Podczas gdy na szerokim rynku spadek sprzedaży mieszkań w ciągu trzech pierwszych kwartałów rok do roku sięgnął 50 proc., Grupa Dom Development zaliczyła 24-proc. korektę i utrzymania takiej tendencji – być lepszym od rynku – zarząd spodziewa się w najbliższej przyszłości.
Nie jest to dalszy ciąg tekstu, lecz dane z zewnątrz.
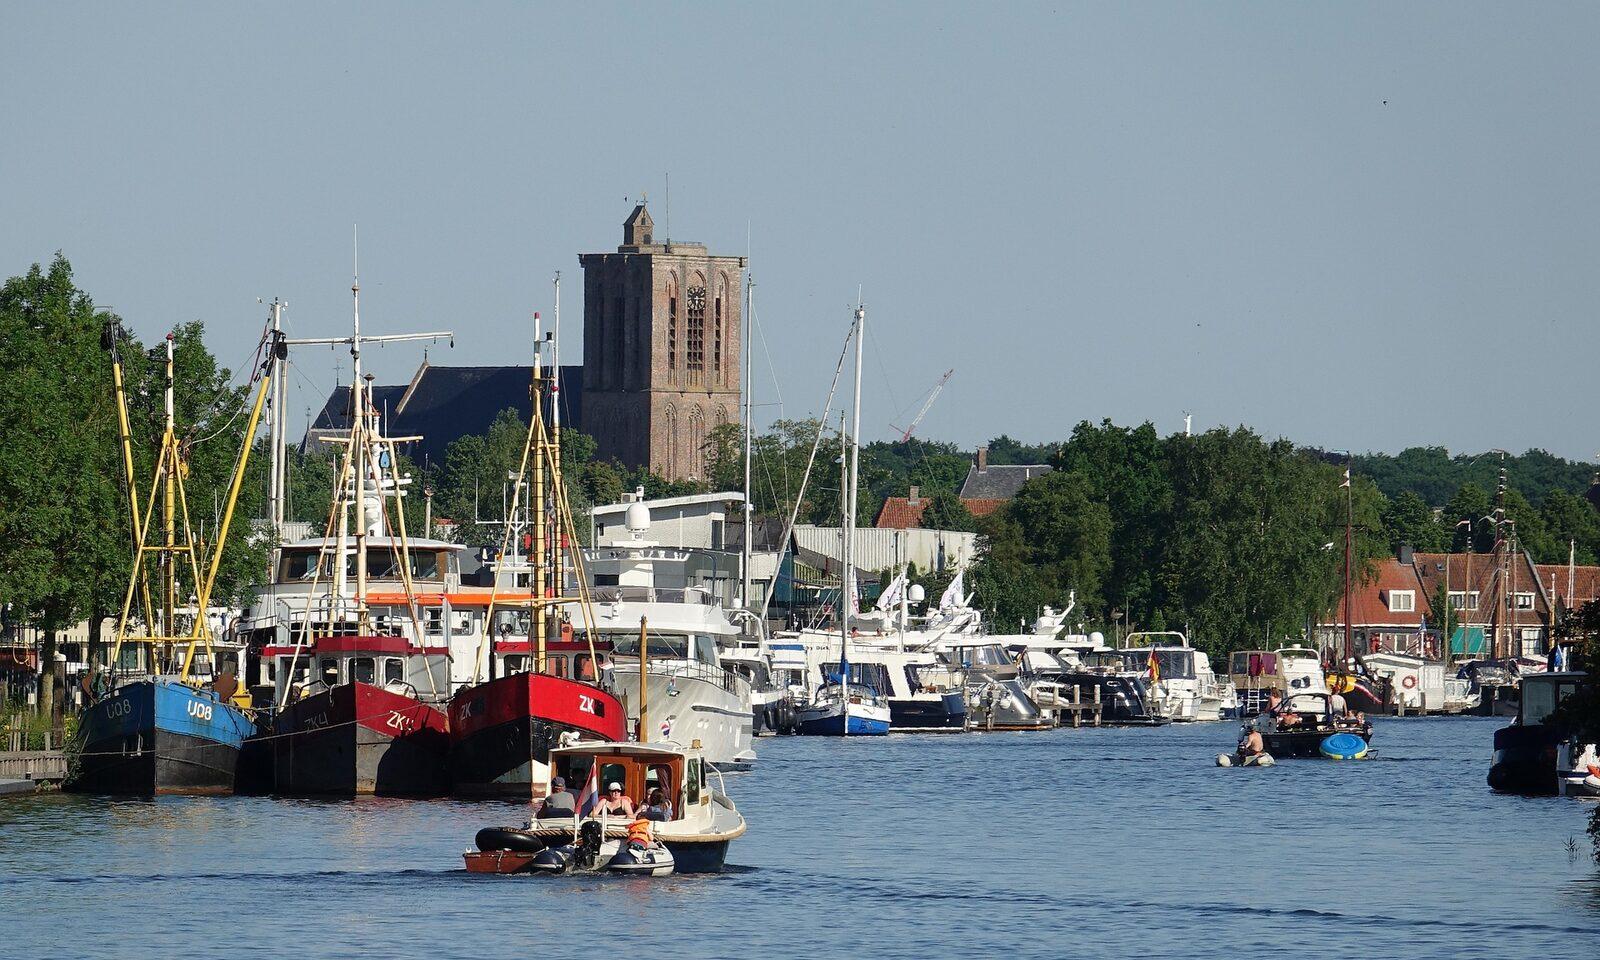 Hanseatic town of Elburg

W ciągu trzech kwartałów firma sprzedała 2262 lokale. Trzeci kwartał wypadł najsłabiej, sprzedano 703 lokale. Prezes Jarosław Szanajca powiedział, że IV kwartał zaczął się obiecująco i firma będzie dążyć do powtórzenia tego wyniku.
Gotówka królem
– Mamy przed sobą na pewno trudny czas, wysoka inflacja będzie się utrzymywać, na poprawę popytu kredytowego trudno liczyć – KNF jest nieprzejednana, jeśli chodzi o złagodzenie wymogów oceny zdolności kredytowej nawet dla pożyczek z okresowo stałą stopą. Rynek nabywców gotówkowych okazał się za to silny, stabilny i głęboki – i powinien dalej pomagać względnie spokojnie przetrwać czas aż do momentu, kiedy przyjdzie poprawa otoczenia. Za nami kolejny kwartał bez ran, strat i większych zagrożeń. Zobaczymy, co przyniosą kolejne – powiedział Szanajca.
„Gotówkowcy” odpowiadają za 75 proc. zakupów, a Dom Development specjalizuje się w mieszkaniach o wyższym standardzie. Ponad połowa sprzedaży to lokale kosztujące co najmniej 600 tys. zł.